The 25th Seanad was in office from 2016 to 2020. An election to Seanad Éireann, the senate of the Oireachtas (Irish parliament), followed the 2016 general election to the 32nd Dáil on 26 February. There are 60 seats in the Seanad: 43 were elected on five vocational panels by serving politicians, for which polling closed on 25 April; 6 were elected in two university constituencies, for which polling closed on 26 April; and 11 were nominated by the Taoiseach (Enda Kenny) on 27 May 2016. It remained in office until the close of poll for the 26th Seanad in March 2020.

==Cathaoirleach==
On 8 June 2016, when the 25th Seanad first met at Leinster House, Rose Conway-Walsh (SF) was proposed by Trevor Ó Clochartaigh (SF) and seconded by Niall Ó Donnghaile (SF) for the position of Cathaoirleach. Denis O'Donovan (FF) was proposed by Catherine Ardagh (FF) and seconded by Mark Daly (FF). Conway-Walsh was rejected by a vote of 8 to 43. O'Donovan was elected by a vote of 44 to 6.

On 15 June 2016, Máire Devine (SF) was proposed by Pádraig Mac Lochlainn (SF) and seconded by Rose Conway-Walsh (SF) for the position of Leas-Chathaoirleach. Denis Landy (Lab) was proposed by Ivana Bacik (Lab) and seconded by Kevin Humphreys (Lab). Paul Coghlan (FG) was proposed by Jerry Buttimer (FG) and seconded by Paddy Burke. elected as Leas-Chathaoirleach. Gerard Craughwell (Ind) was proposed by Michael McDowell (Ind) and seconded by Victor Boyhan (Ind). Devine was rejected by a vote of 7 to 39. Landy was rejected by a vote of 5 to 27. Coghlan was elected as Leas-Chathaoirleach by a vote of 36 to 11.

==Electoral system==
There are 60 seats in the Seanad: 43 Senators were elected by the vocational panels, 6 were elected by the two university constituencies, and 11 were nominated by the Taoiseach. Three seats are elected by graduates of the National University of Ireland and three seats are elected by graduates and scholars of the Dublin University.

Article 18.8 of the Constitution requires that an election for Seanad Éireann must take place not later than 90 days after a dissolution of the Dáil. On 9 February, Minister for the Environment, Community and Local Government Alan Kelly signed the orders for the Seanad election.

Nominations for the 43 vocational panel seats closed at noon on 21 March 2016 and the full list of panel nominees was published in Iris Oifigiúil on 1 April 2016. Polls for these two university constituencies closed at 11.00 a.m. on Tuesday 26 April 2016.

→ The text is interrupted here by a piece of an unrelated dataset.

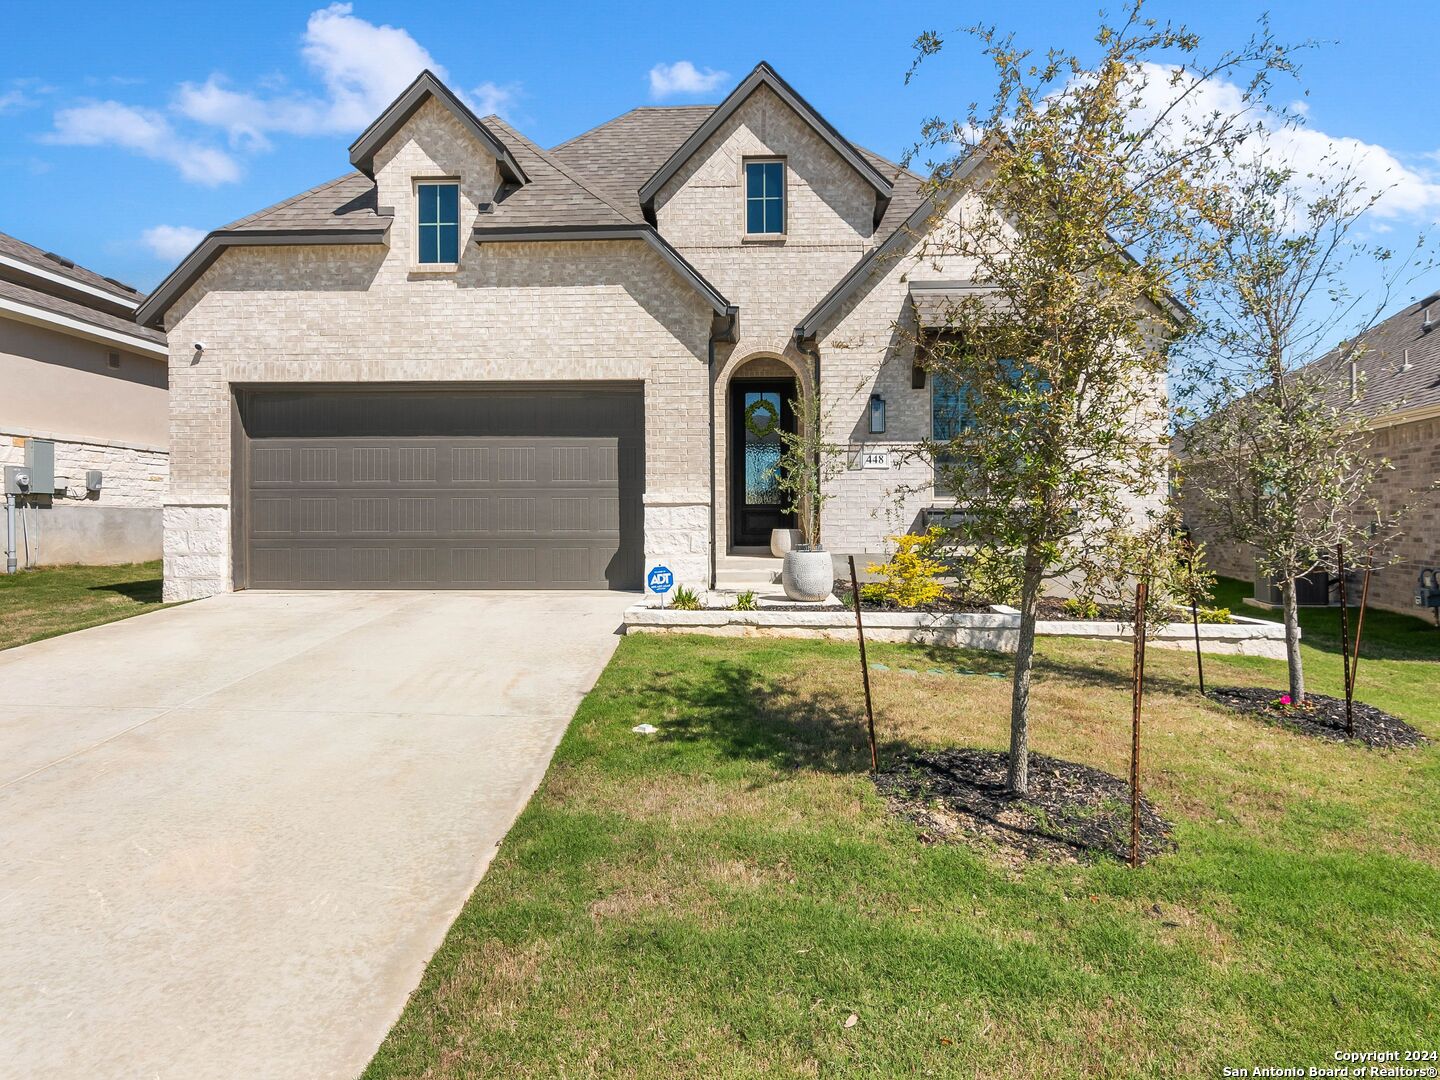 Photo of 448 Huntwick Dr in Boerne, TX

Forty-three vocational panel seats are filled by an electorate of public representatives, comprising the incoming 32nd Dáil, the outgoing 24th Seanad, and members of city and county councils, each of whom has one vote in each of the five panels. The total electorate was 1,155. Polling closed at 11 a.m. on Monday 25 April 2016, with the count beginning immediately afterwards. A total of 1,124 of the electorate voted. Each panel is subdivided into an Oireachtas ("inside") subpanel and Nominating Bodies ("outside") subpanel, and a portion of seats must be filled from each subpanel; John Dolan was elected despite having fewer votes than Tom Sheahan and Thomas Welby when they were eliminated, because they were on the inside panel and all remaining seats were reserved for the outside panel.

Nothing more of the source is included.